▶ [Problem requirements]: The listing must be copied out in full and exactly; no images go with it.

▶ [Data shown]:

-------

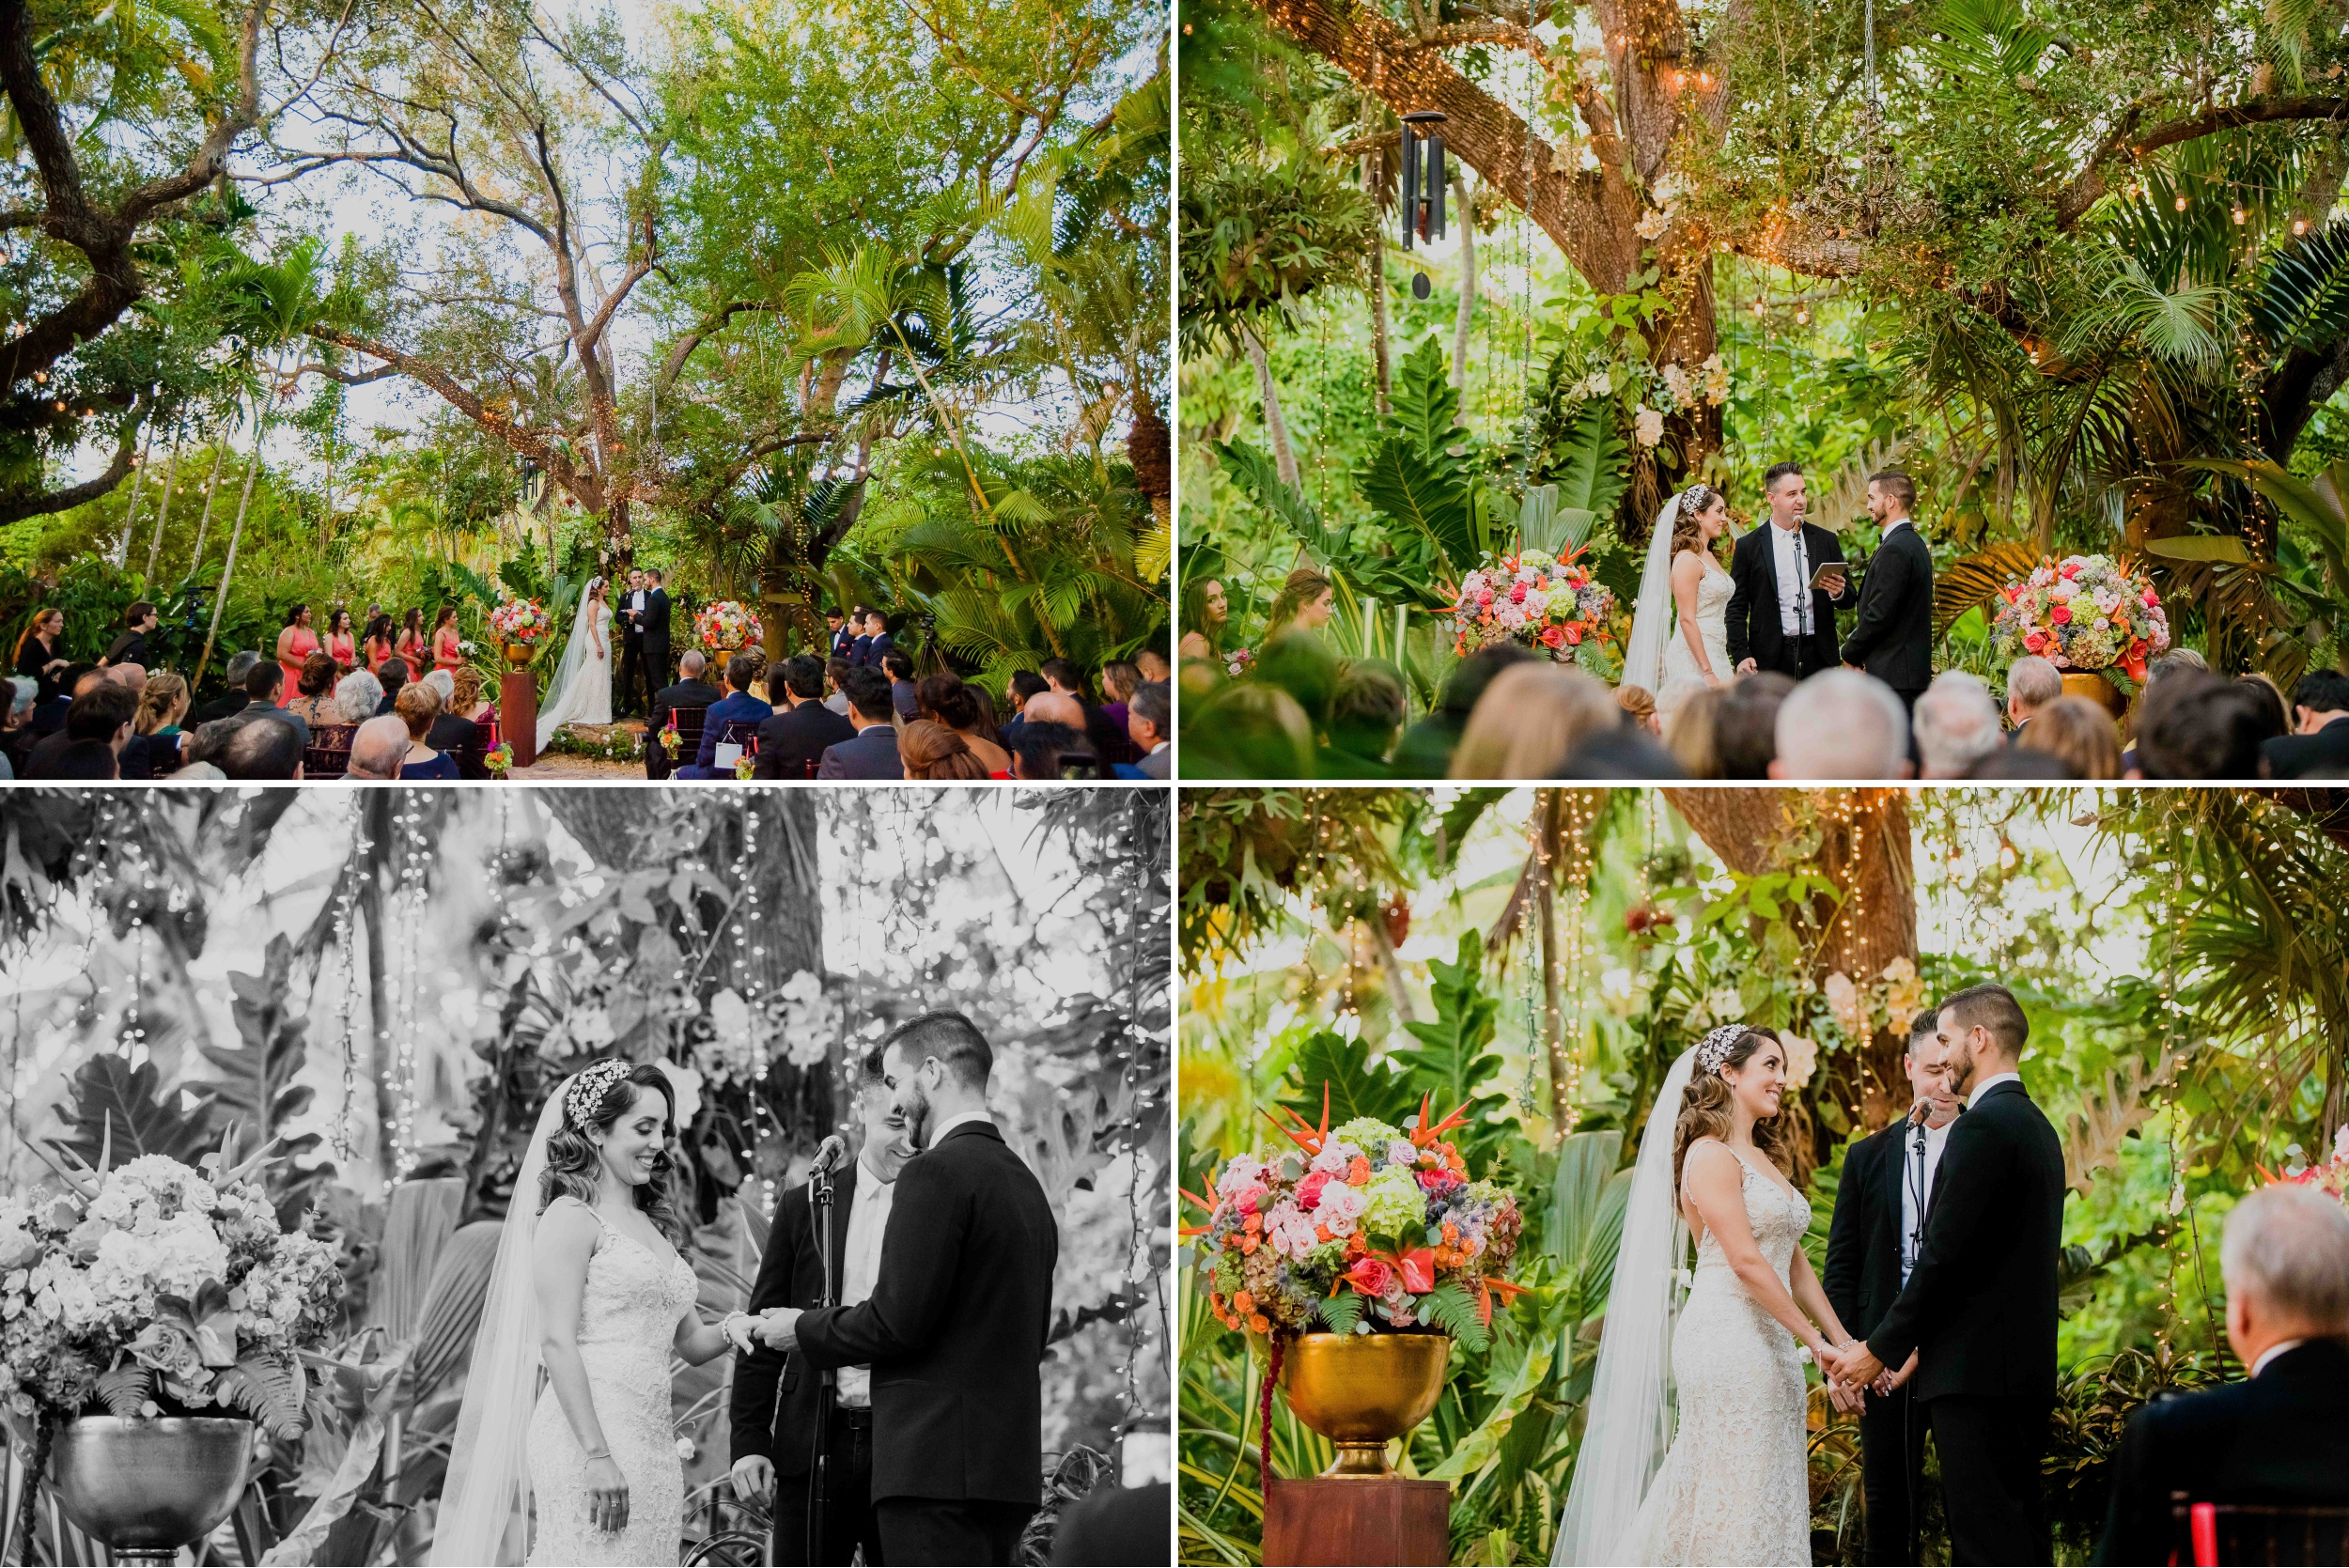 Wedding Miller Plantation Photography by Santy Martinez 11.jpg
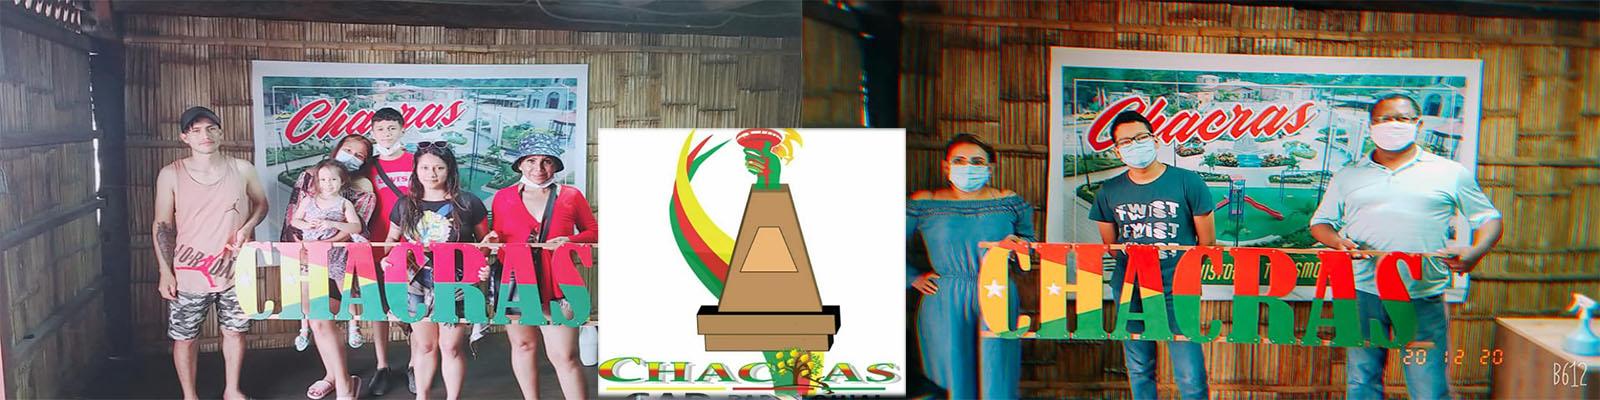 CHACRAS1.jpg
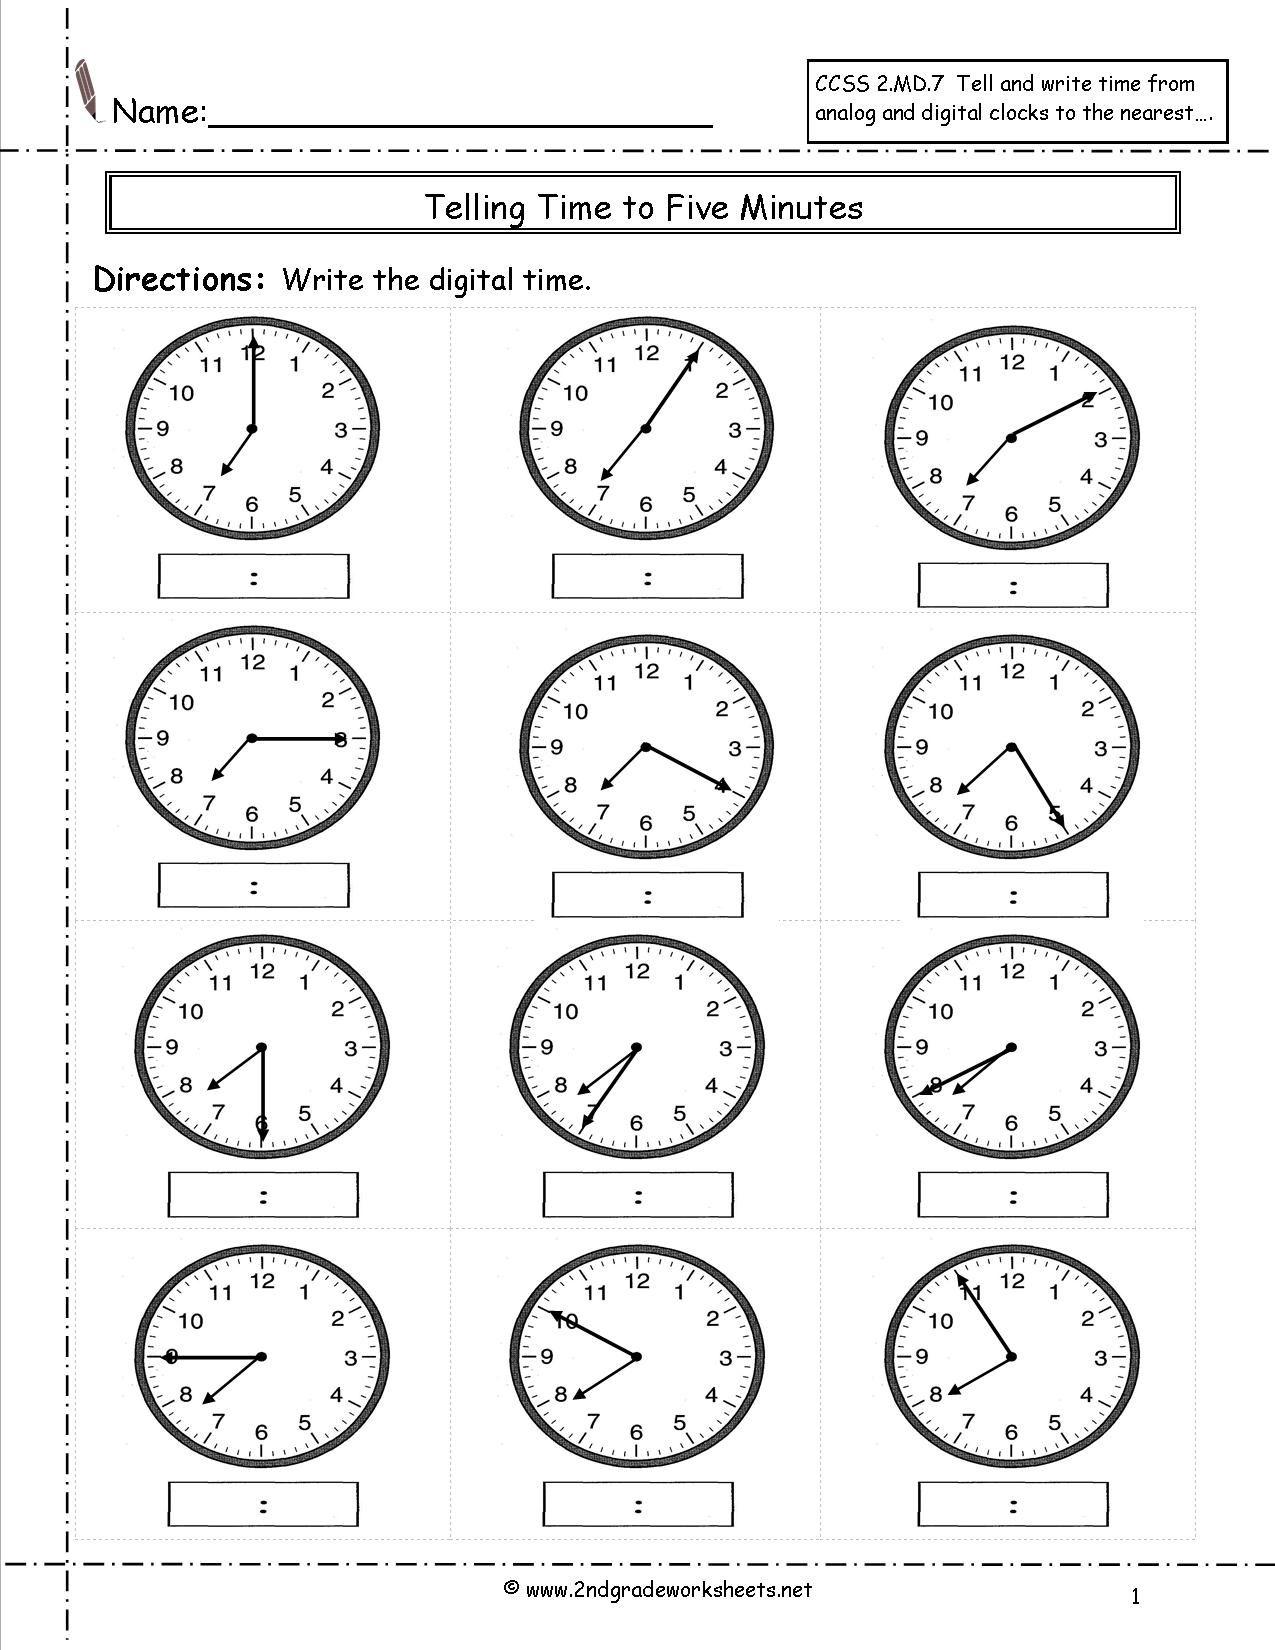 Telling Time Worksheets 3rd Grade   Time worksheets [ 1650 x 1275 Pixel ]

-------

▶ [Exercise result]:
 Wedding Miller Plantation Photography by Santy Martinez 11.jpg
 CHACRAS1.jpg
 Telling Time Worksheets 3rd Grade   Time worksheets [ 1650 x 1275 Pixel ]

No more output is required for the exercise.